> [Work to be completed]:
Set down exactly the stretch of lines below that opens at the line containing "Rote NFC Karte" and continues through the last line of the entries, and nothing else.

> [Records excerpted from a collection]:
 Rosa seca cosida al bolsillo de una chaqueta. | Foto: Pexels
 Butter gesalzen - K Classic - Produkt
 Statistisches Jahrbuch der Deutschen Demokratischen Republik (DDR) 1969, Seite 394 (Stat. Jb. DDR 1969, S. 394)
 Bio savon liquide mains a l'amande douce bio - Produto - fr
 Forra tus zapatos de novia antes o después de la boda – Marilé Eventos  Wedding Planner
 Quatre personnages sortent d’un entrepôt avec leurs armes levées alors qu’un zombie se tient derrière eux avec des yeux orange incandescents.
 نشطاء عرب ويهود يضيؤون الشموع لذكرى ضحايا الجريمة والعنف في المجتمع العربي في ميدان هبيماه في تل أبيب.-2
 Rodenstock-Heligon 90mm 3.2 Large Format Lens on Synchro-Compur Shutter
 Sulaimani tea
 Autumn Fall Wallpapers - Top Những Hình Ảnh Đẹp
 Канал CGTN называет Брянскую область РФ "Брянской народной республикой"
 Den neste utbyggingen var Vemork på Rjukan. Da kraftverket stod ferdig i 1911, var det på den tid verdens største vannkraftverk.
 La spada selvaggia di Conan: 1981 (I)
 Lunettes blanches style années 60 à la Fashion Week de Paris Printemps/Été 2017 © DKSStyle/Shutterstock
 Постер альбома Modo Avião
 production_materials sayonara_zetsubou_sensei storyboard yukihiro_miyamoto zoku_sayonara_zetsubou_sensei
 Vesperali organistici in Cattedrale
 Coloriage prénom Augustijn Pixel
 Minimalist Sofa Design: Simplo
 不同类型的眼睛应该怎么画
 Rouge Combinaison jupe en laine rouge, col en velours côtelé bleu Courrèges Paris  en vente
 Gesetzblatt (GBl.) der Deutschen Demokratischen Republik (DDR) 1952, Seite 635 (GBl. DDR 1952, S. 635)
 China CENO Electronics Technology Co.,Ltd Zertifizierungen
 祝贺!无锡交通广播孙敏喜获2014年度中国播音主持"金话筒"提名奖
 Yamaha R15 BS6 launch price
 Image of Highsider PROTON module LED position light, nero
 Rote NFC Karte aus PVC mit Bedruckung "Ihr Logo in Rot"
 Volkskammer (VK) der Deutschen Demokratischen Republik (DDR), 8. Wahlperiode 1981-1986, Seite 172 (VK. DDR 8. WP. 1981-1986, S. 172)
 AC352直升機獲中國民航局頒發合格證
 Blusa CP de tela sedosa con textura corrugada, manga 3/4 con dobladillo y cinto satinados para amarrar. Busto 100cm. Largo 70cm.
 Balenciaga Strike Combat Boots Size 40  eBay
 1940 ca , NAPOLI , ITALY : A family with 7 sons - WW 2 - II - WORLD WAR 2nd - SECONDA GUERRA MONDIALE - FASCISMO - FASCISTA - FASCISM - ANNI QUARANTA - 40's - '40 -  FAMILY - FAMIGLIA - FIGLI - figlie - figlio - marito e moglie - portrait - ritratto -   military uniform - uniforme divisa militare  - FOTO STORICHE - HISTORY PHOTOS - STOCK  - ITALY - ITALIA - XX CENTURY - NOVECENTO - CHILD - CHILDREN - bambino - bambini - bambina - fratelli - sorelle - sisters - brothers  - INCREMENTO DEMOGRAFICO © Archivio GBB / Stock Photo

> [Your solution]:
 Rote NFC Karte aus PVC mit Bedruckung "Ihr Logo in Rot"
 Volkskammer (VK) der Deutschen Demokratischen Republik (DDR), 8. Wahlperiode 1981-1986, Seite 172 (VK. DDR 8. WP. 1981-1986, S. 172)
 AC352直升機獲中國民航局頒發合格證
 Blusa CP de tela sedosa con textura corrugada, manga 3/4 con dobladillo y cinto satinados para amarrar. Busto 100cm. Largo 70cm.
 Balenciaga Strike Combat Boots Size 40  eBay
 1940 ca , NAPOLI , ITALY : A family with 7 sons - WW 2 - II - WORLD WAR 2nd - SECONDA GUERRA MONDIALE - FASCISMO - FASCISTA - FASCISM - ANNI QUARANTA - 40's - '40 -  FAMILY - FAMIGLIA - FIGLI - figlie - figlio - marito e moglie - portrait - ritratto -   military uniform - uniforme divisa militare  - FOTO STORICHE - HISTORY PHOTOS - STOCK  - ITALY - ITALIA - XX CENTURY - NOVECENTO - CHILD - CHILDREN - bambino - bambini - bambina - fratelli - sorelle - sisters - brothers  - INCREMENTO DEMOGRAFICO © Archivio GBB / Stock Photo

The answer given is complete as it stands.